Спасибо, мама, прошептала она, спасибо, папа.

Штопая старую вязаную кофту Ирины, Евгения нашла ее длинный волос и задумалась: вернется ли Ирина когда-нибудь? Тетка вырастила ее, тетка таила в своей голове все, что только можно знать об их прошлом. Из Ирины всегда нелегко было выжать хоть слово; правда, иногда, выпив лишнюю стопку водки, она рассказывала о песне волков, об обледеневших деревьях или об аромате розовых с белым цветов, заполонявших все вокруг по весне. Но о ее матери и отце – ни слова. Евгения часто искала ответ в холодных глазах Ирины.

– Не ищи во мне свою маму, – говорила та. – Ты должна найти ее в себе.

– Я на нее похожа?

– Ой, честно, даже не знаю, – отвечала Ирина нетерпеливо, подкрашивая губы.

– Но волосы у меня – как у нее?

– Да, да.

– А глаза у меня – как у отца?

– Не оглядывайся назад, Евгения, – советовала Ирина, набрасывая палантин из лисьего меха. – У нас все впереди.

Теперь я одеваюсь лучше нее, подумала Евгения печально, подразумевая свое пальто.

Но Евгения охотно променяла бы новое пальто на один-единственный фрагмент головоломки. У нее не было ничего, кроме сна, повторявшегося снова и снова, похожего на оживший зернистый кадр старого фильма: ее мать прикрывает глаза ладонью от солнца, на веревке реют простыни. За это воспоминание она цеплялась, словно за подлинное, хотя никак не могла такого помнить – слишком рано разлучилась с родителями. Сшивала воедино все мимолетные упоминания, всплывшие в памяти банальные детали, новые грани старых историй, вымаливая у Ирины какой-нибудь новый клочок для хрупкого лоскутного одеяла своего “я”. Она никогда не просила о любви, не мечтала о ласке, не имела опыта отношений с мальчиками: в ее жизни не было даже отроческих поцелуев. Ей хотелось лишь дознаться, кто она, и кататься на коньках. Вот и все, чего желала ее душа.

Евгения достала из кармана пальто его визитку. Он предложил ей все. Личного тренера, лучшие коньки, место для тренировок в свое удовольствие. Она положила визитку на стол, провела пальцем по его имени – “Александр Рифа”, тисненая печать, жирный шрифт, внизу, от руки, написан адрес. Его зовут Александр, но для нее он всегда будет просто “Он”.
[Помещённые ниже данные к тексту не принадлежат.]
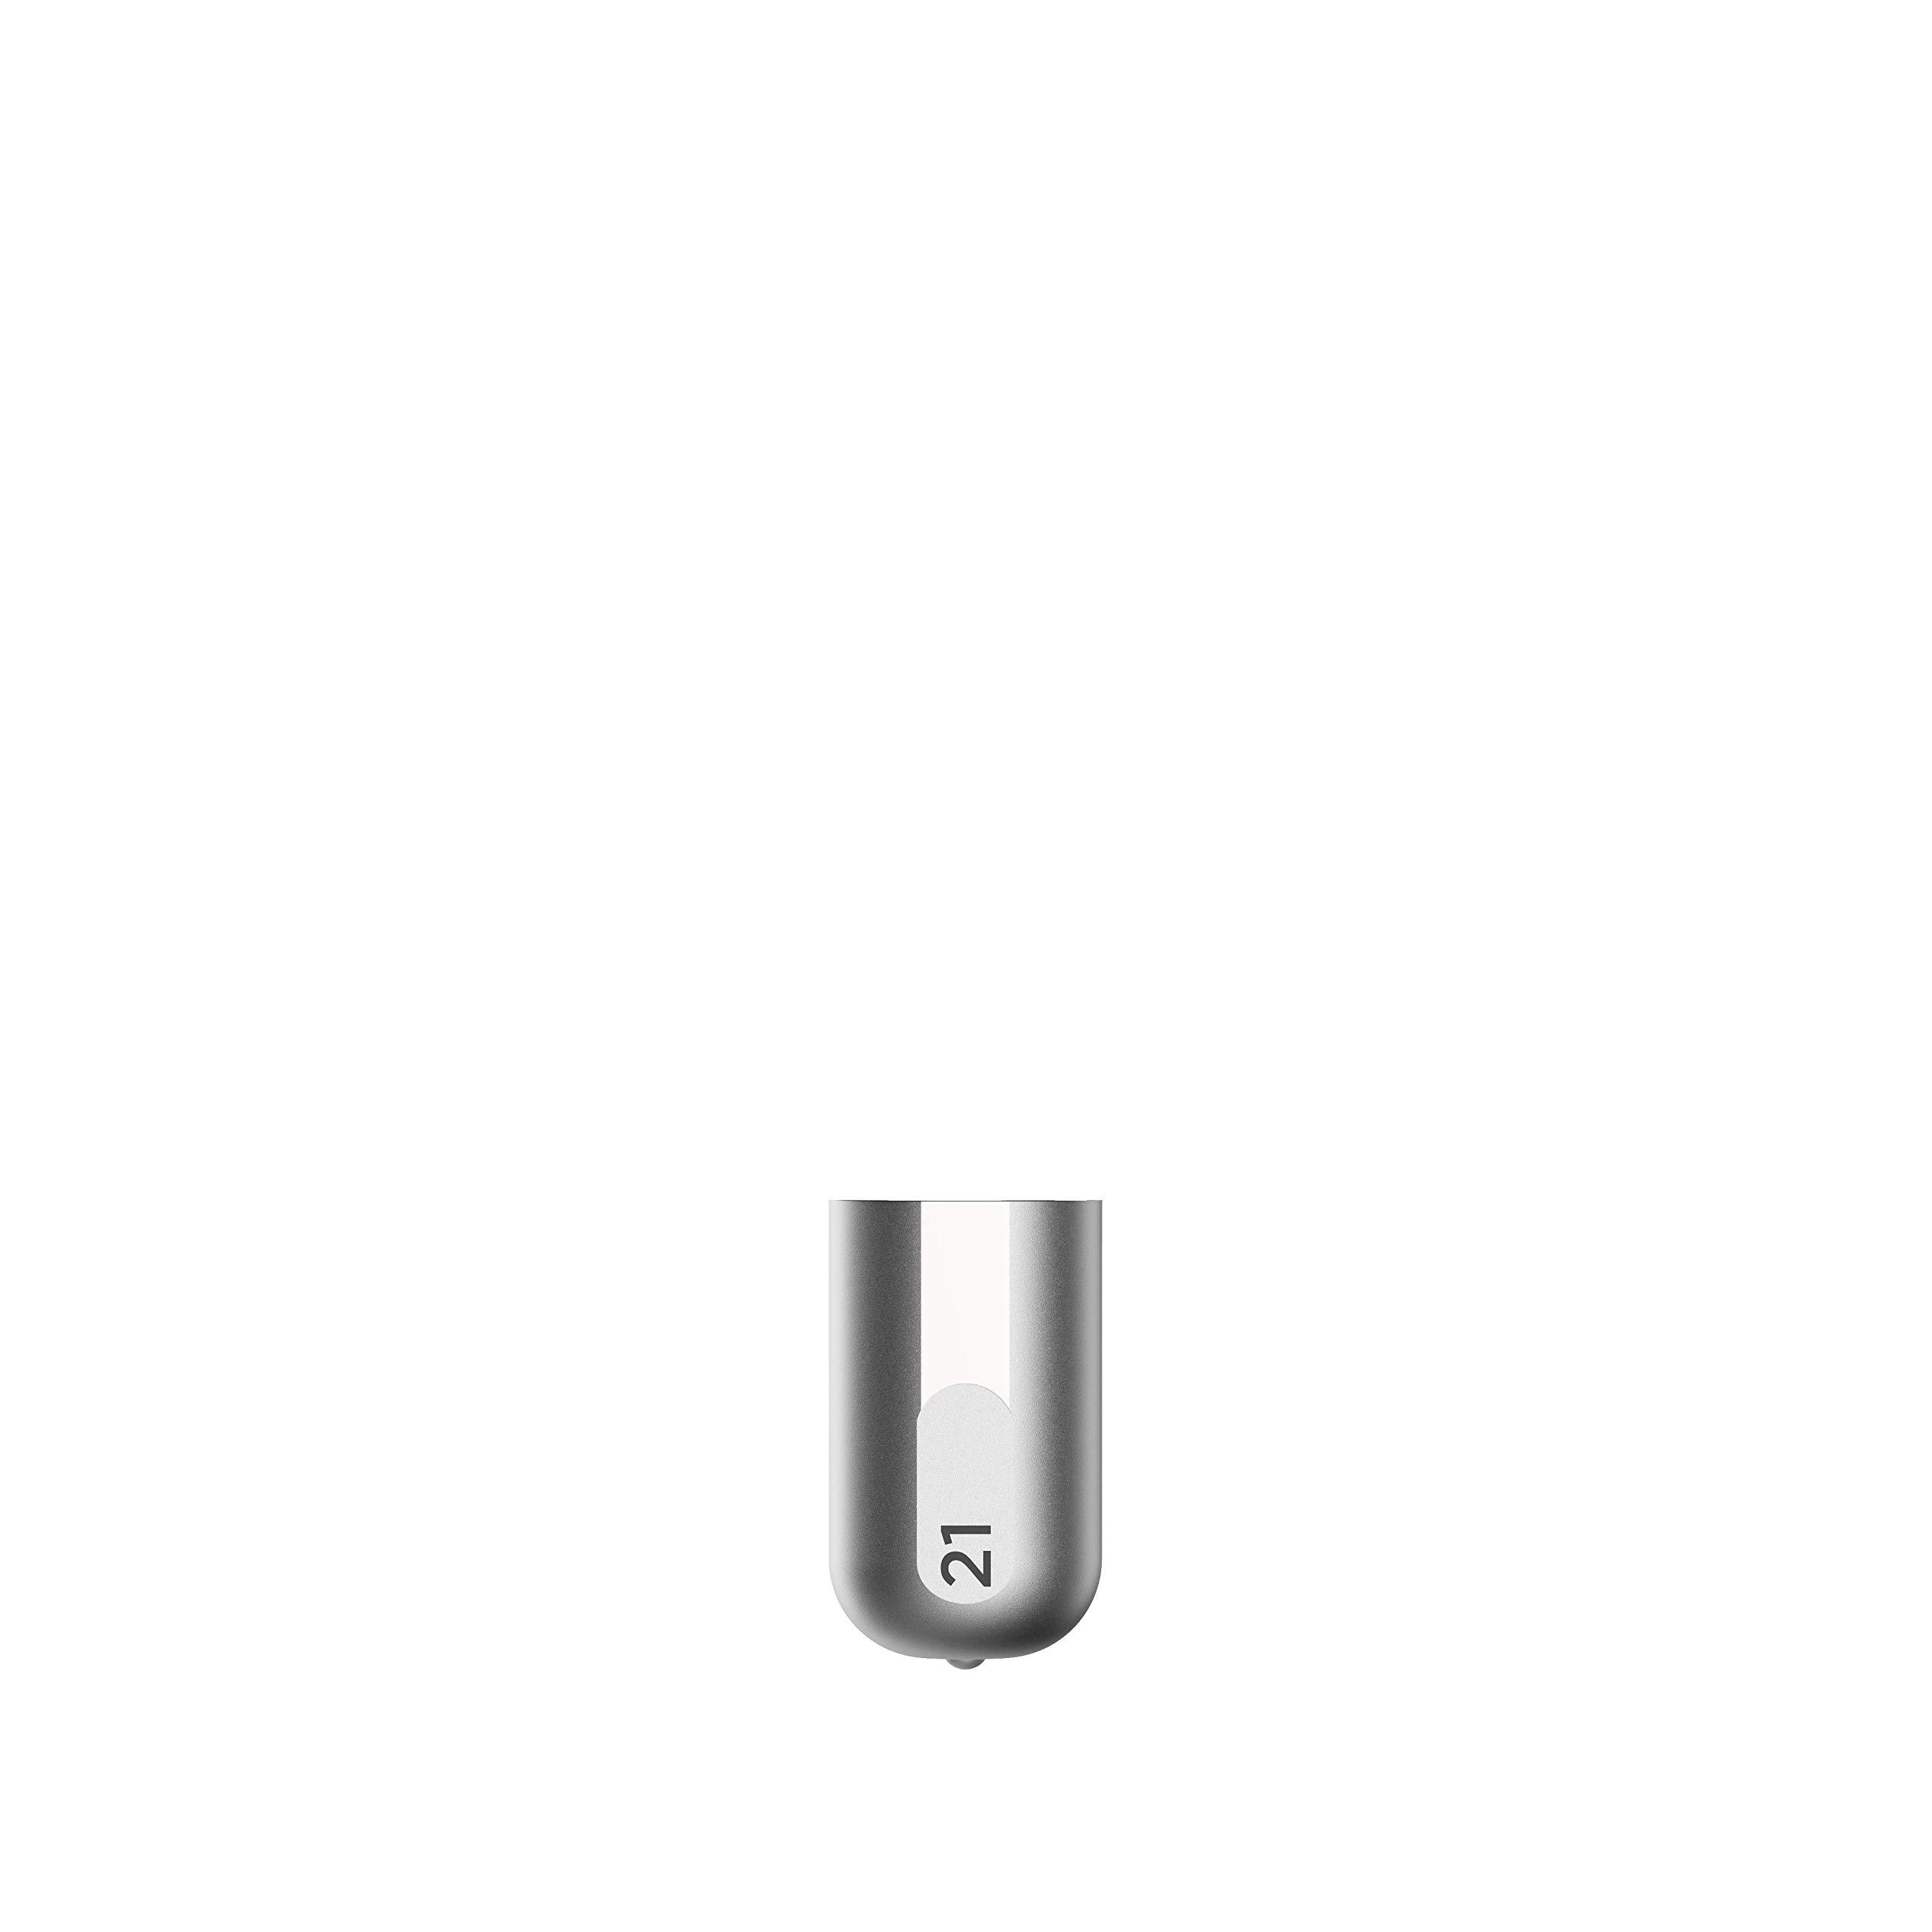 Cricut 2006836 Tip, Fine QuickSwap Debossing, Silver

В тот день он открыл дверь и увидел на пороге ее, маленькую и непокорную.

– Сегодня у меня день рождения, – сказала она. – Мне шестнадцать.

Он радушно ввел ее в анфиладу комнат, показал свои земные сокровища: бесценные иконы, распятия из слоновой кости, тяжелые нити жемчуга, сундуки, ломящиеся от расшитых шелков и редкостных рукописей. Предлагал ей все, что ее душе угодно.

– Ваше богатство меня не интересует.

– Может, что-то чисто символическое – вам на день рождения.

– Я хочу только одного – кататься. Вот ради чего я здесь.

Он замешкался перед стеклянным ящиком, где хранилось эмалевое пасхальное яйцо замысловатой работы. Вопреки своей воле она почувствовала, что ее тянет к этой вещице, и он отпер ящик и поставил яйцо перед ней.

– Загляните внутрь, – сказал он. – Это был подарок царя императрице.

Внутри была крохотная императорская карета, искусно выкованная из золота. Он поставил карету ей на ладонь, уставился: как она среагирует?

– Угадайте мое имя, – сказала она.

– Имен на свете много.

– Но я ношу имя королевы.

– Королев на свете много.

Она пошла за ним в спальню. Пока он неспешно раздевал ее, она стояла молча, но он почувствовал, что ее сердце забилось быстрее. Он овладел ей неспешно, на удивление нежно, начал утешать, когда она вскрикнула от боли. Ночью он овладел ей снова, разбудив в ней не находившую себе выражения, неожиданную жажду наслаждения.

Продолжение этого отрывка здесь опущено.